*** Begin section ***

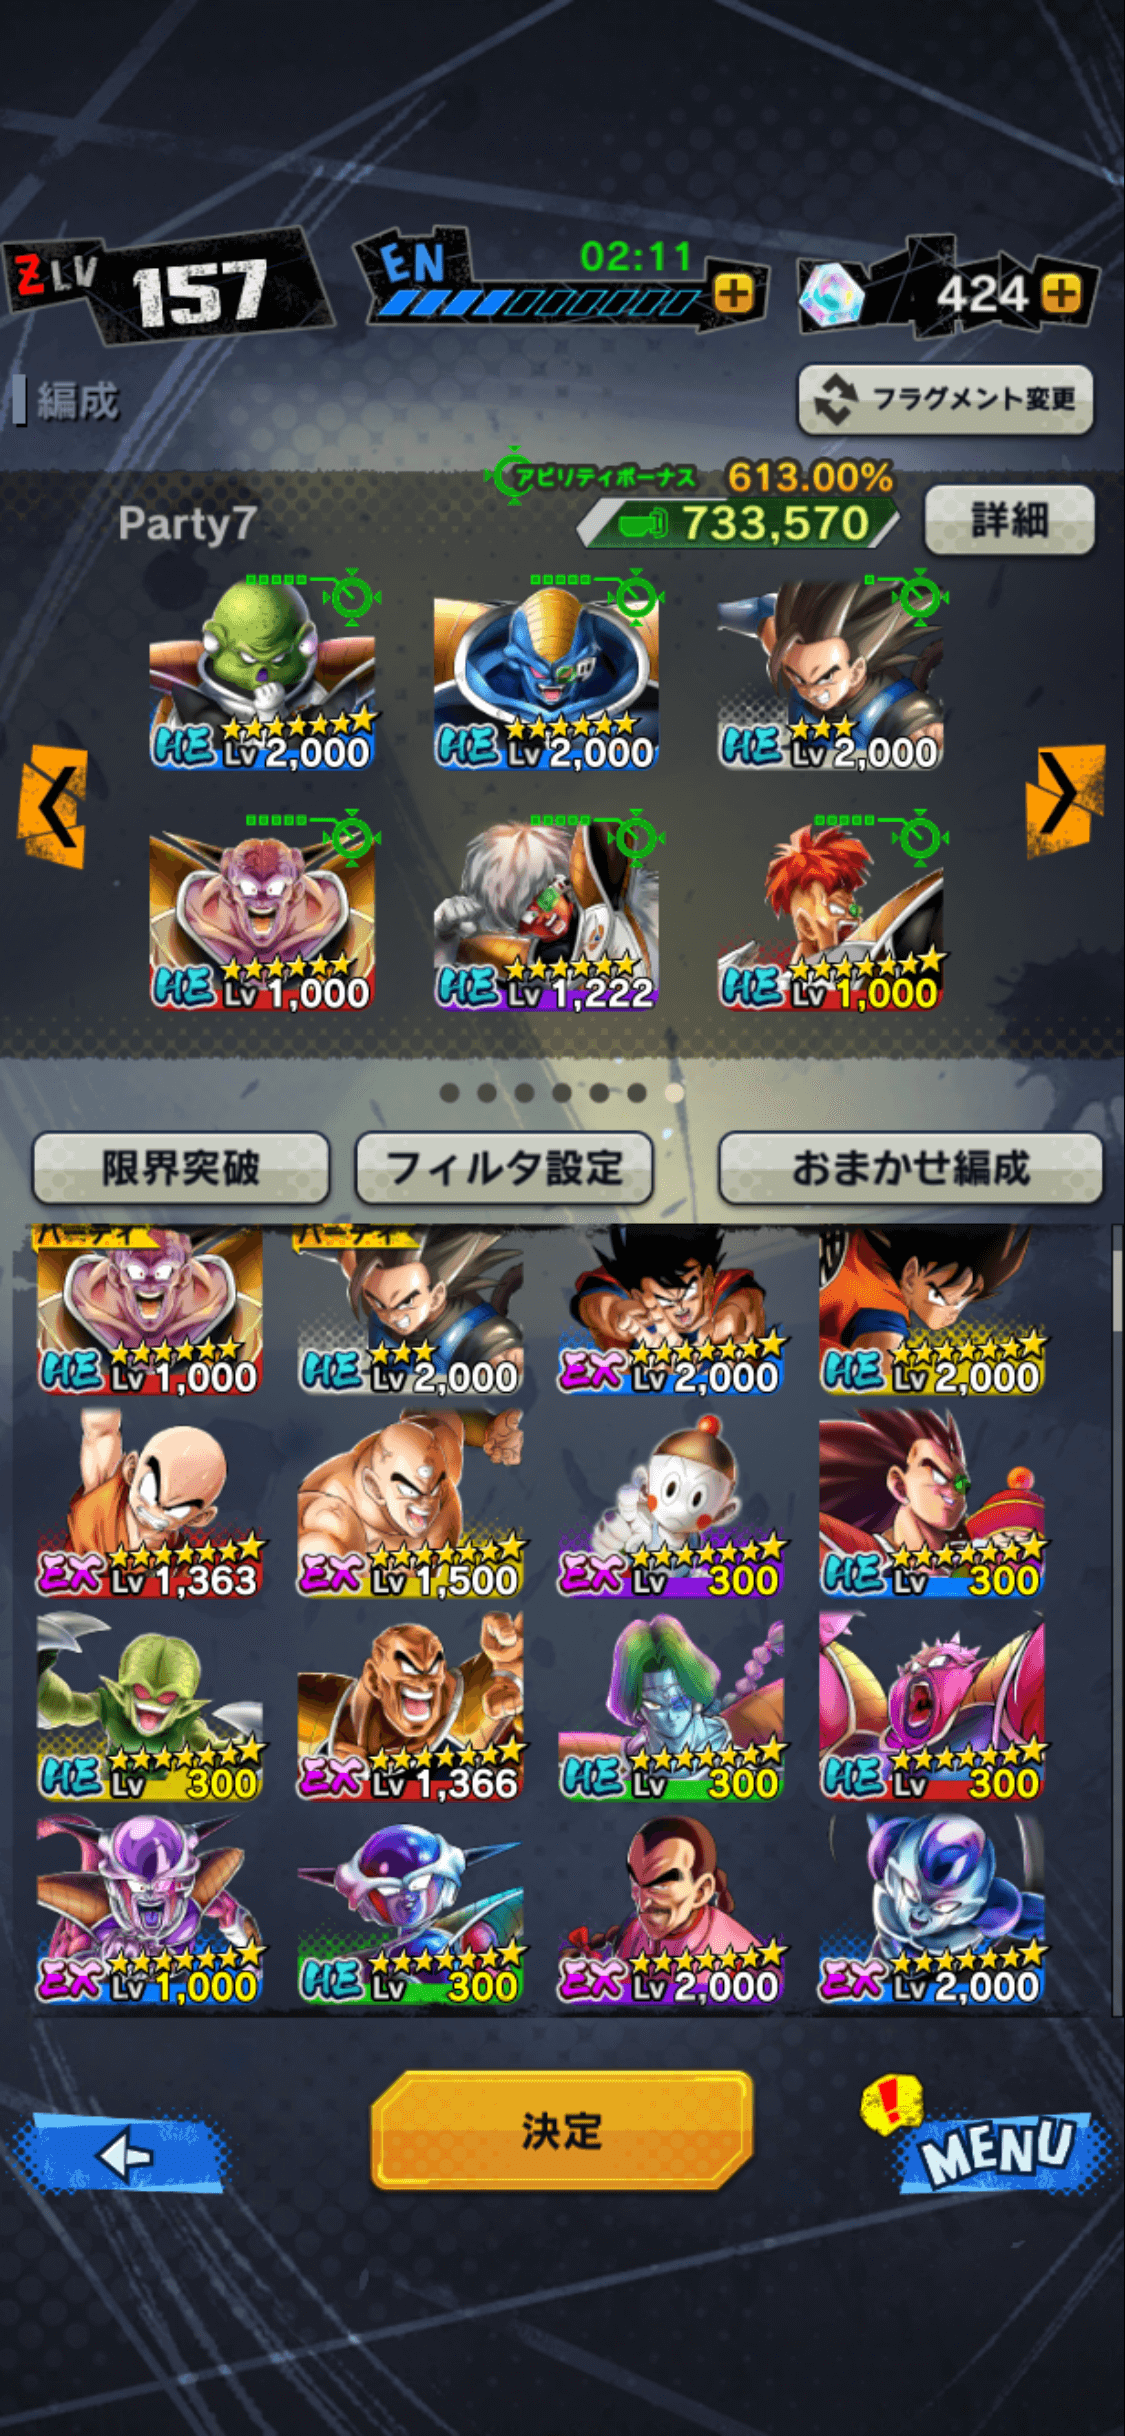 HERO Tag List, Characters, Dragon Ball Legends
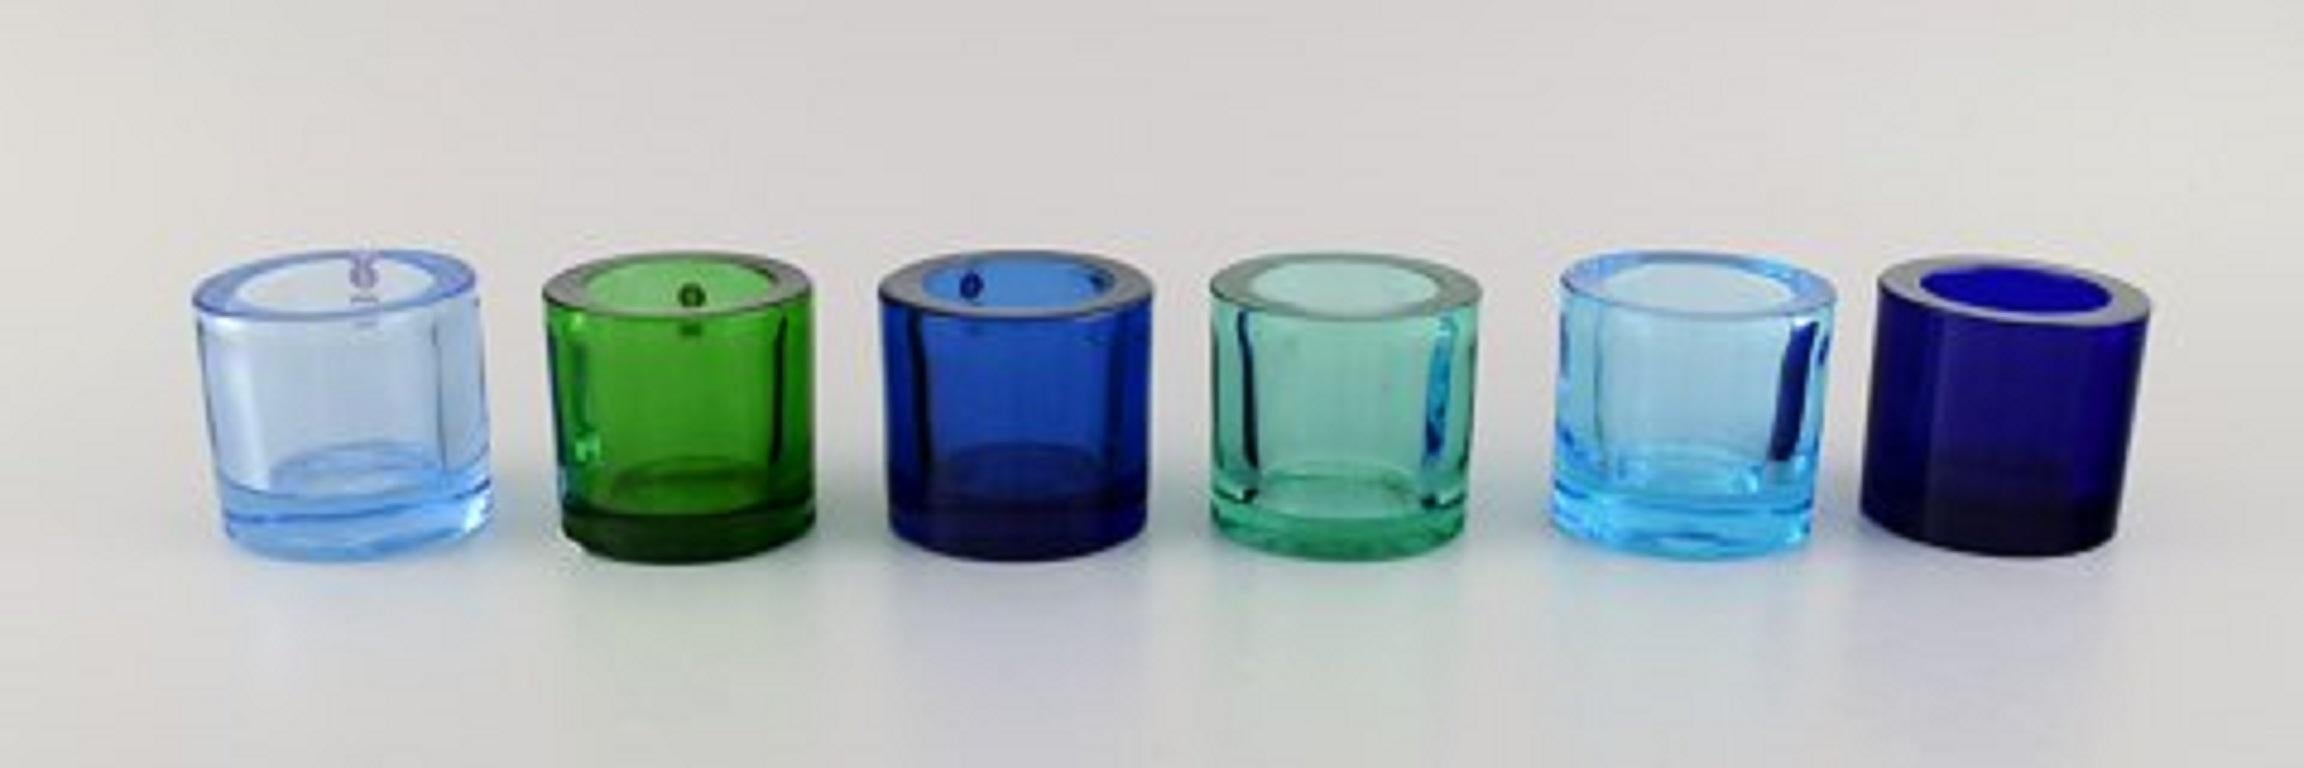 19 Iittala candle holders for tealights in art glass. Marimekko. 20th century.
Measures: 6.5 x 6 cm.
In excellent condition.
Stamped.

*** End section ***

## Work instruction:
Give back the records above word for word, minus any image they hold.

## Exercise response:
 HERO Tag List, Characters, Dragon Ball Legends
 19 Iittala candle holders for tealights in art glass. Marimekko. 20th century.
Measures: 6.5 x 6 cm.
In excellent condition.
Stamped.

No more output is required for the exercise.